**RECORDED INFORMATION:**
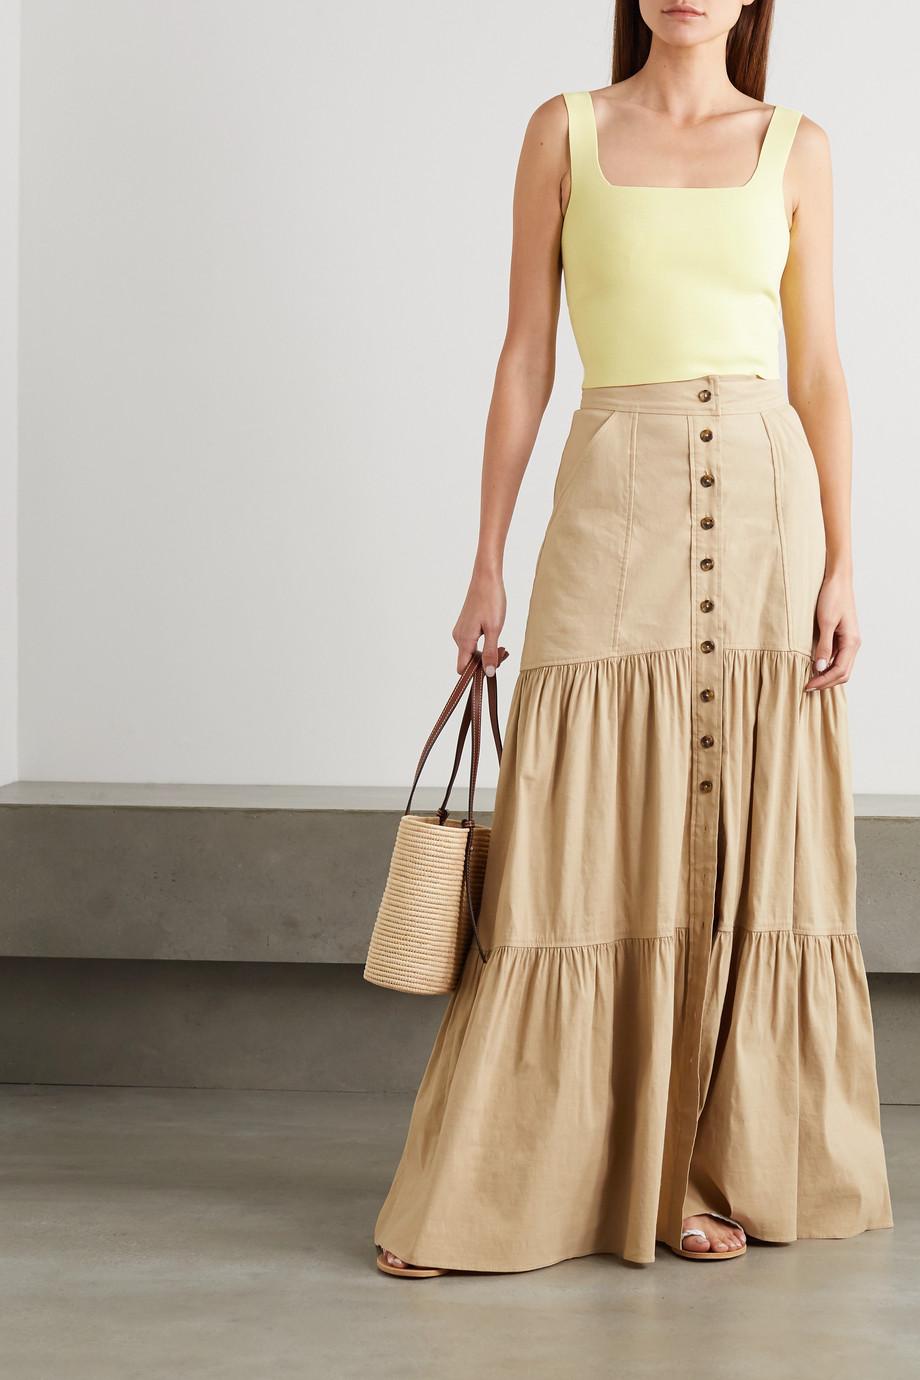 A.L.C. A.L.C. x Petra Flannery Victoria stretch-knit top
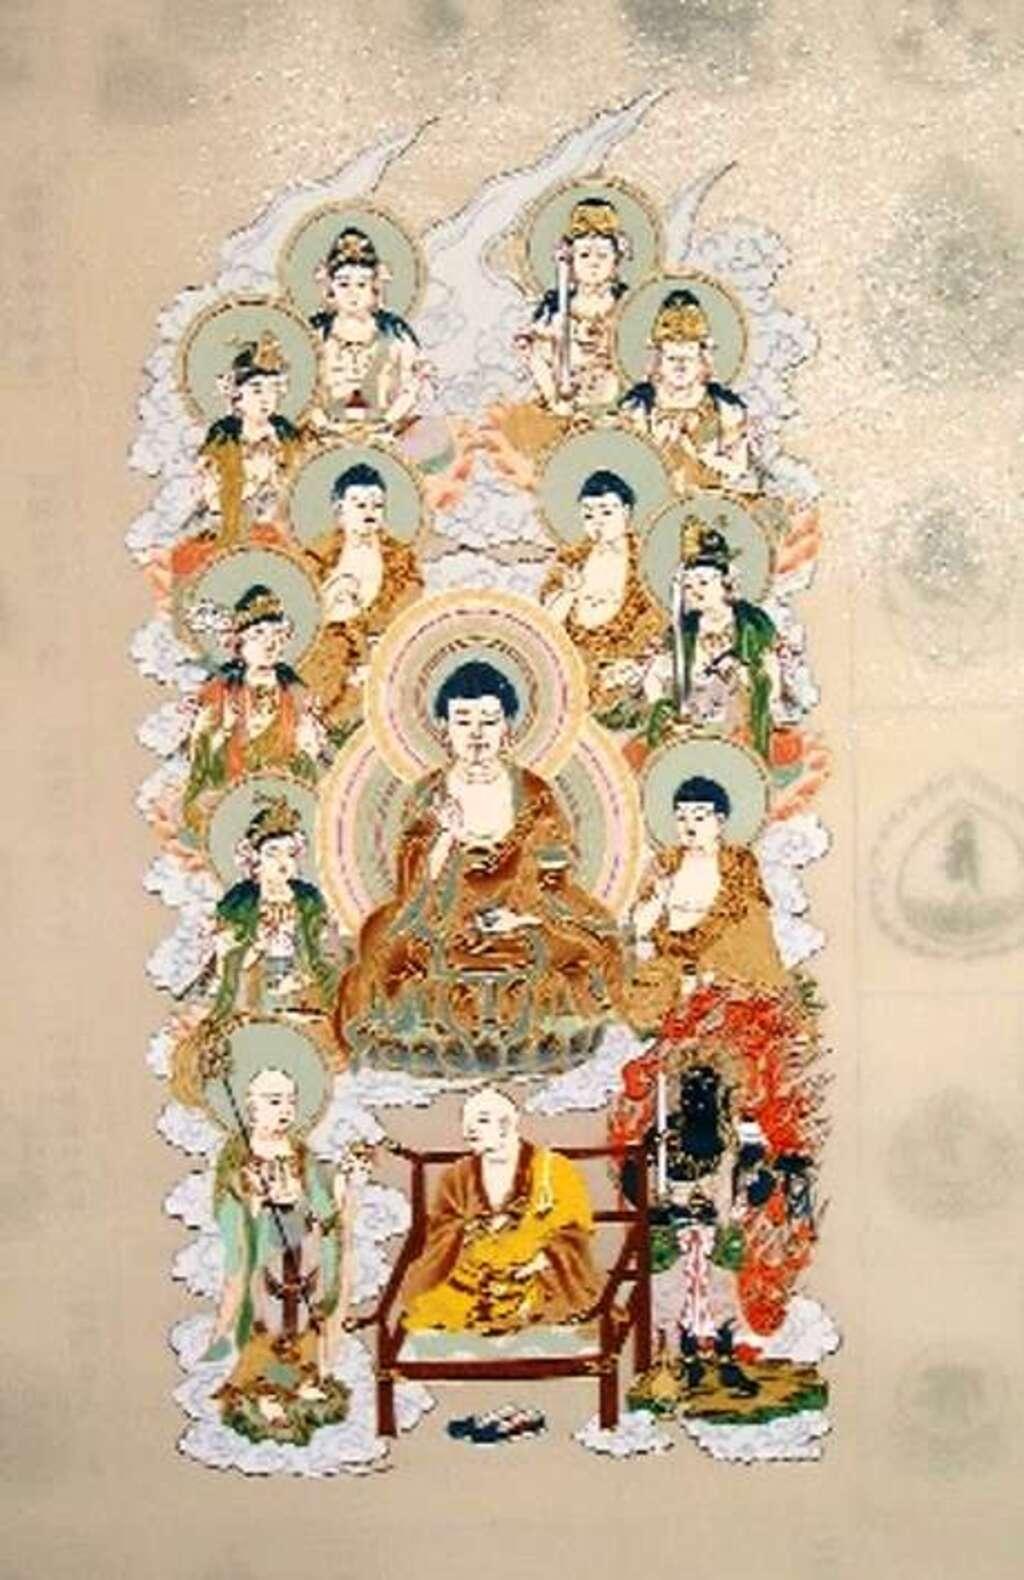 法話と天井絵の寺 觀音寺の芸術
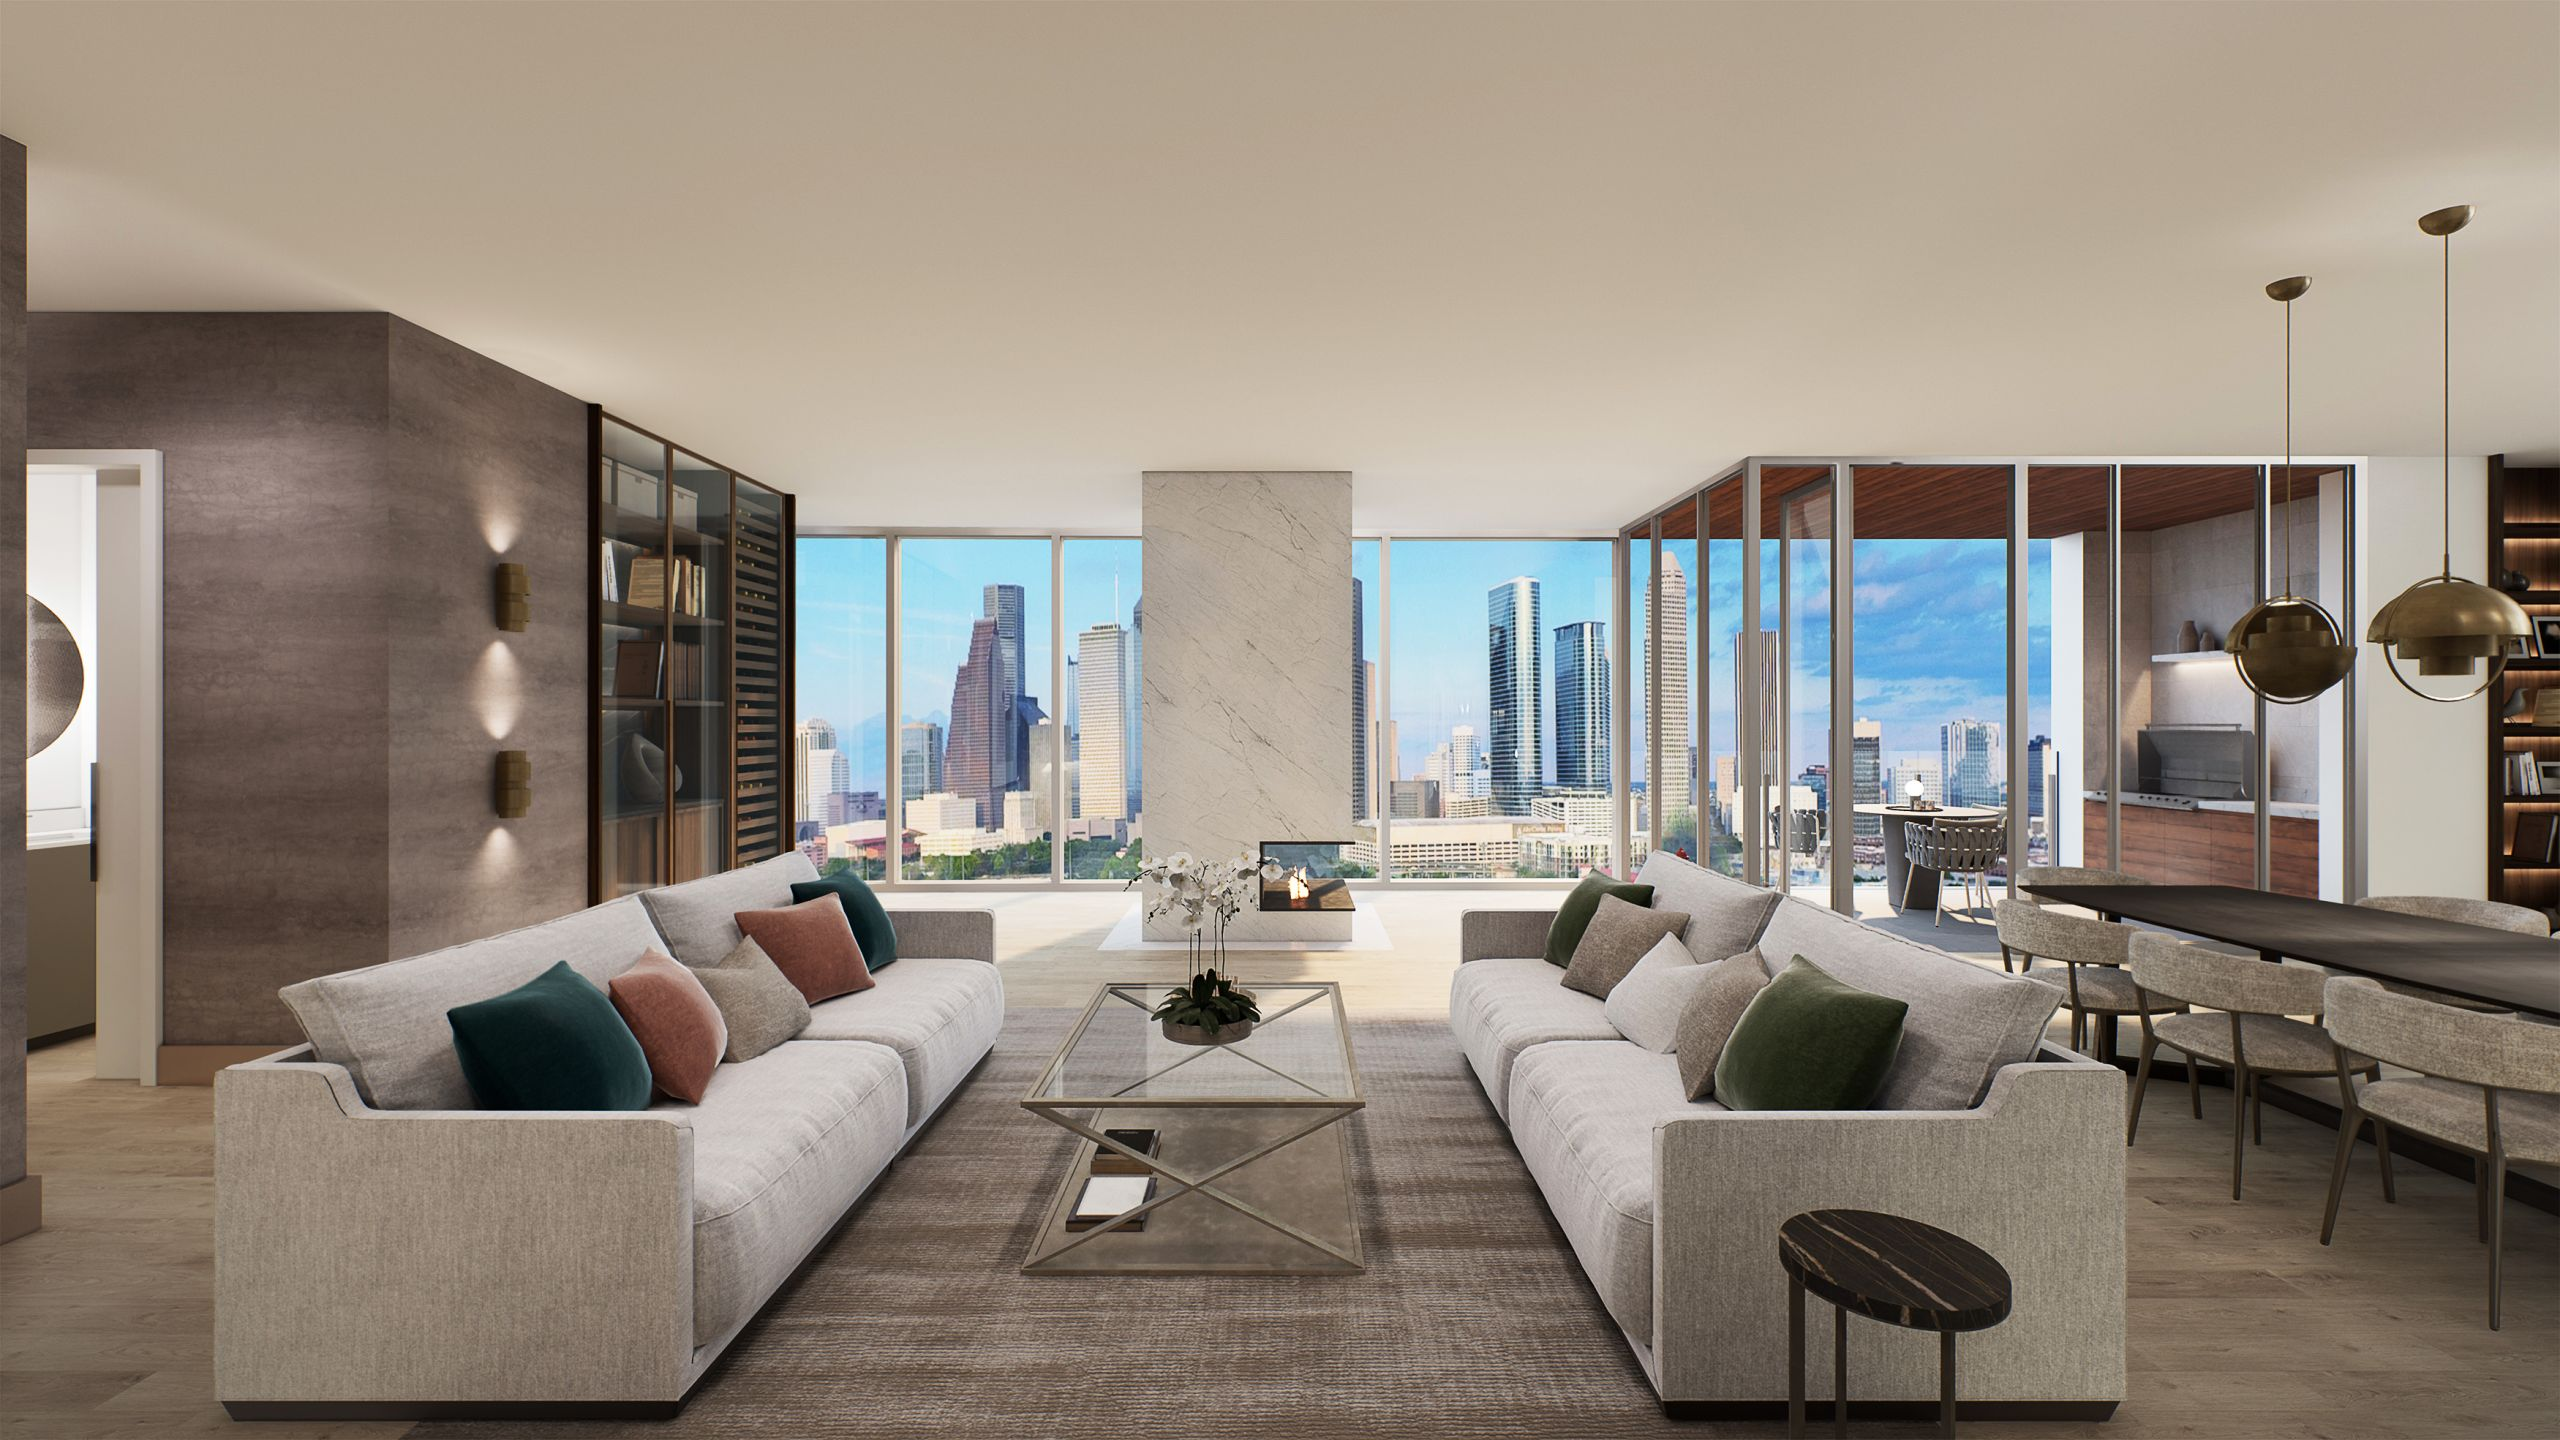 theallen_brochure_06_e-2560x1440 Seeking the Ideal Home in New Luxury Developments

**EXERCISE REQUIREMENTS:**
With pictures omitted, copy exactly the lines from the one containing "法話と天井絵の寺 觀音寺の芸術" through the final line of the listing, both included.

**TASK ANSWER:**
 法話と天井絵の寺 觀音寺の芸術
 theallen_brochure_06_e-2560x1440 Seeking the Ideal Home in New Luxury Developments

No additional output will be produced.